Isa Genzken “Schauspieler (Actors)” (2013)

Read this review on Metro New York published Dec. 30, 2013

Isa Genzken’s handcrafted creations on view at Museum of Modern Art, NYC

“Isa Genzken” on view at MoMA is the first U.S. retrospect showcasing this German-born artist’s 40-year career. With over 150 objects, the show details this multidisciplinary artist’s painting, photography, drawing, film, assemblage, and large-scale installations.

A central theme of her artwork is architecture and how urbanized spaces remap an understanding of our environment. Subversive and comical, Genzken’s multimedia works fuse highbrow and popular culture creating both architectural forms and installations composed from the underbelly of urban consumerism.

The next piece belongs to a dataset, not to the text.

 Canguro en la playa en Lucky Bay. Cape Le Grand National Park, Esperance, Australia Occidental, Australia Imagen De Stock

Her artwork is refreshingly playful and accessible because of her personalized handmade forms and DIY “junk” aesthetic—where she revives objects either found on the street or bought from housewares and hobby stores and alters them into uncanny worlds.

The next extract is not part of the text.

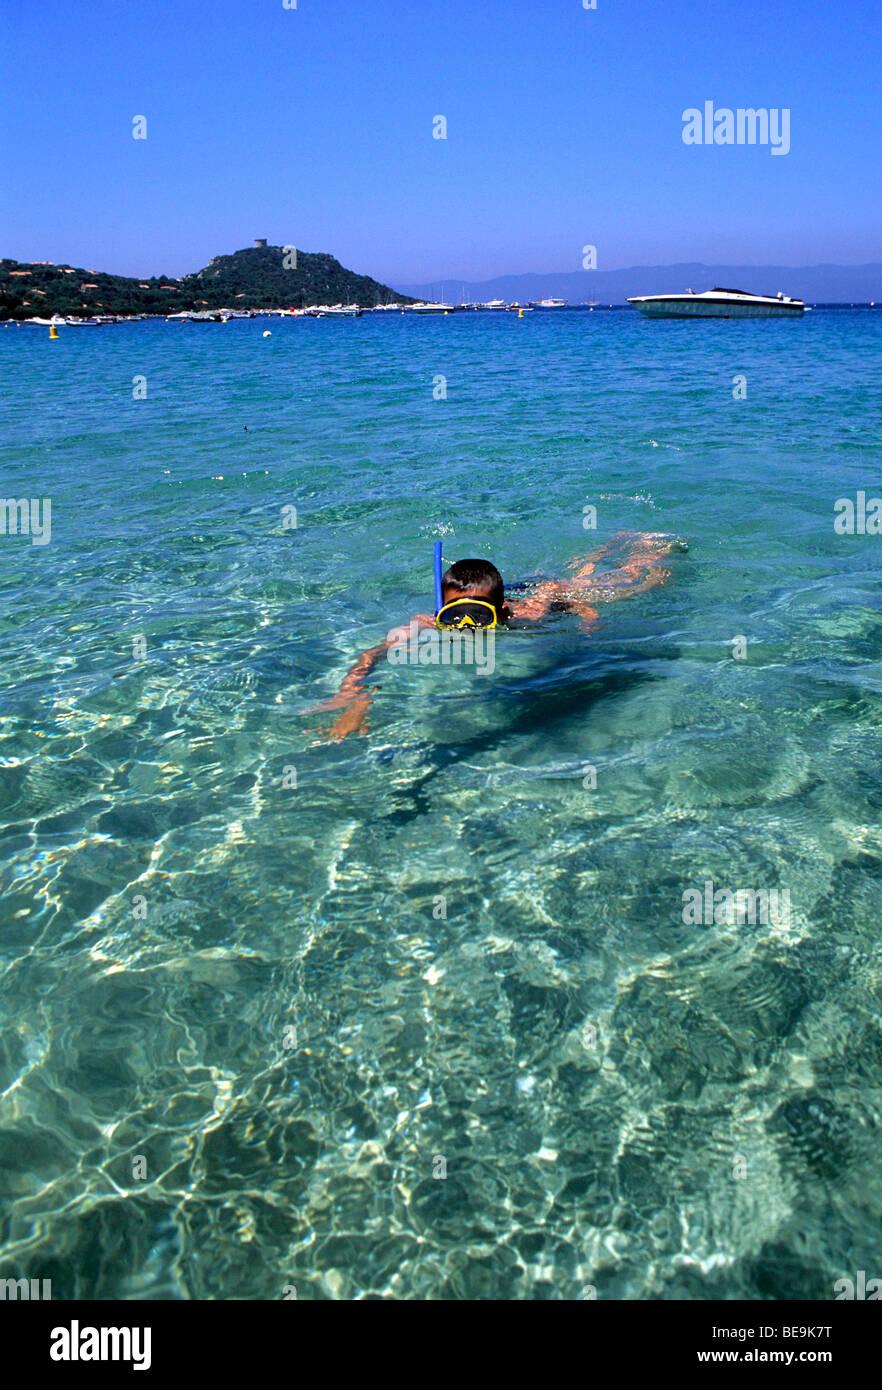 Leisures: Swimming - Stock Image

The show is designed chronologically, categorizing Genzken through the decades. She began working in the 1970s during the heyday of Minimalism, and her large-scale wooden floor sculptures were designed to question individuals’ experiences to modern environments.

Her work through the 1980s contrasts the handmade with modern engineering. Her textured plaster, concrete, and steel architectural sculptures drastically contrast to the sleek precision of skyscrapers one would see viewing New York City’s skyline.

The new millennium brought a transition from objects to complex installations inspired by the deposits of consumerism. Genzken’s assemblage sculptures repurpose everyday forms into unexpected placements that are both theatrical and humorous.

What to see:

Acting as gatekeepers to Genzken’s DIY world is “Schauspieler (Actors)” (2013), which resembles a sideshow jamboree of affected hipsters. On view for the first time, thiscarnivalesque installation situated outside of the exhibition hall features mannequins dressed in an assortment of clothes, collage, and repurposed sculptures.

“Red-Yellow-Black Double Ellipsoid Twin” (1982) exemplifies her early Minimalist-inspired career. The two lacquered wood sculptures negate the efficiency of modern engineering by sprawling space horizontally rather than vertically.

If you go:

“Isa Genzken: Retrospective” through March 10, 2014

Open Daily 10:30 a.m.–5:30 p.m.

The Museum of Modern Art,

11 West 53 Street,

General admission $25,

www.MoMA.org

Isa Genzken “Schauspieler (Actors)” (2013)

Isa Genzken “Schauspieler (Actors)” (2013)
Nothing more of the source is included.